= Jan G. Švec =

Jan Švec (born 22 November 1966) is a Czech voice scientist. He is the inventor of videokymography, a method for high-speed visualization of vocal-fold vibrations, which is being used for advanced diagnosis of voice disorders.

As of 2011, Jan G. Švec has written over 140 publications (over 40 as first author) in various areas of voice research: visualization of vocal fold vibration through videokymography; voice registers; singing voice; methodology of voice measurement; voice dosimetry; determination of biomechanical properties of vocal folds; vocal fold and vocal tract modelling; clinical measurement of voice; and scientometry.

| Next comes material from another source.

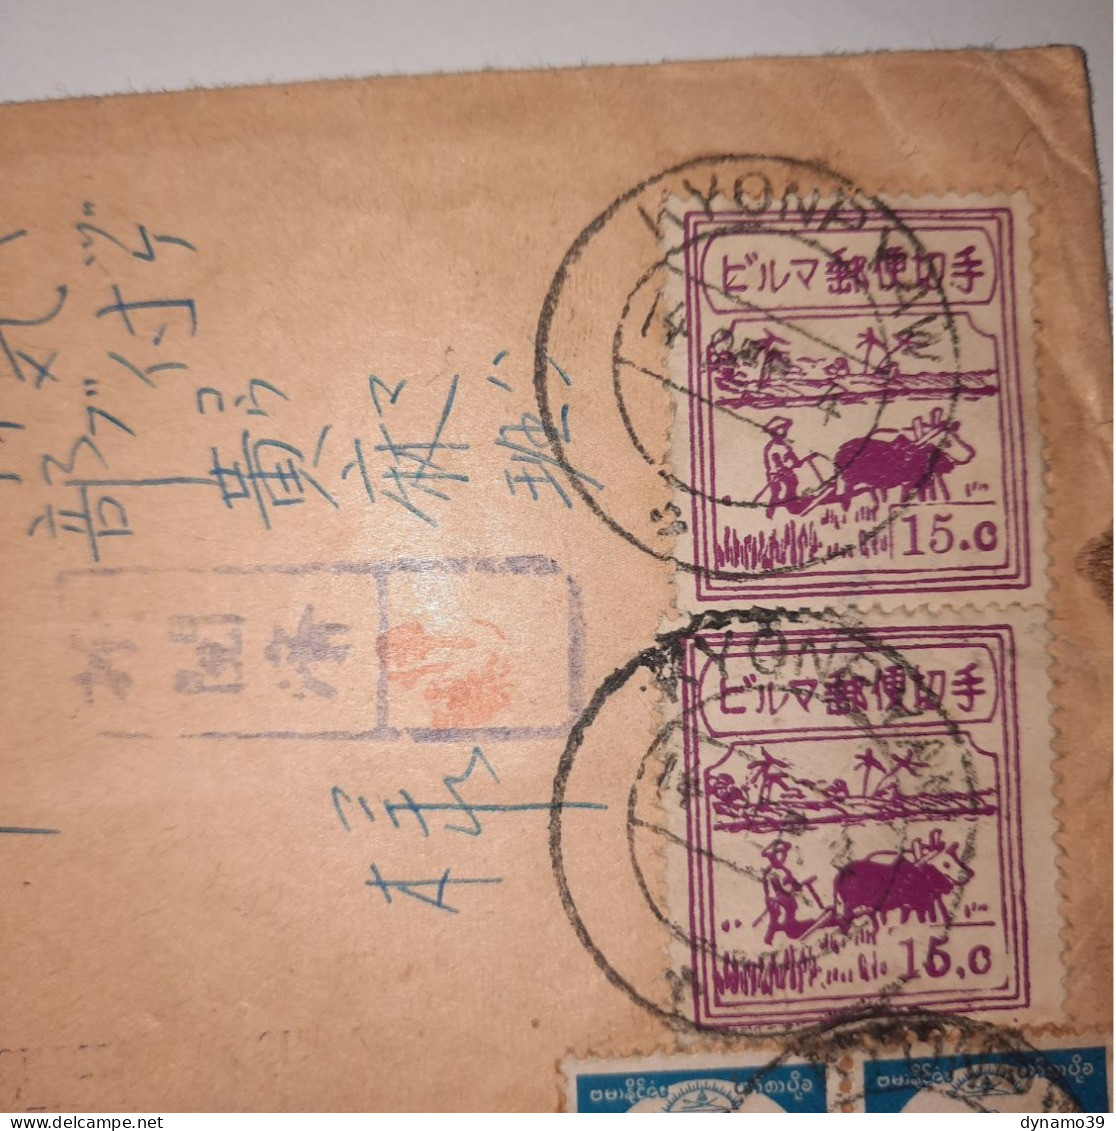 03K6 RARE - ANCIENNE LETTRE ENVELOPPE BIRMANIE KYON PAW INDOCHINE 1945 CACHET - Autres - Asie

Jan G. Švec was born 22.11.1966 in Olomouc, Czech Republic. He received his MSc (1990: Palacký University, Olomouc) in fine mechanics and optics, and two PhD degrees in biophysics (1996: Palacký University, Olomouc) and medical sciences (2000: University of Groningen). From 1995 to 1999, he worked as assistant professor at the Institute for Postgraduate Medical Education, Prague, Czech Republic. In 2001–2004 he was a Visiting Research Professor at the National Center for Voice and Speech, Denver Center for the Performing Arts, Denver, CO, USA and in 2004–2007 a research scientist at the Groningen Voice Research Lab, Department of Biomedical Engineering, University of Groningen, the Netherlands. Since 2007, he has been a scientist and lecturer at the Department of Biophysics, Palacký University, Olomouc, Czech Republic and also a research scientist at the Voice Centre Prague.

In 2004–2010 he was the chair of the Voice Committee of the International Association of Logopedics and Phoniatrics (IALP). He serves as the deputy editor-in-chief for Logopedics Phoniatrics Vocology, Taylor & Francis, and is a member of the editorial board of the Journal of Voice, Elsevier Medical Journals. He is a Distinguished Alumnus of the Palacký University in Olomouc, the Czech Republic.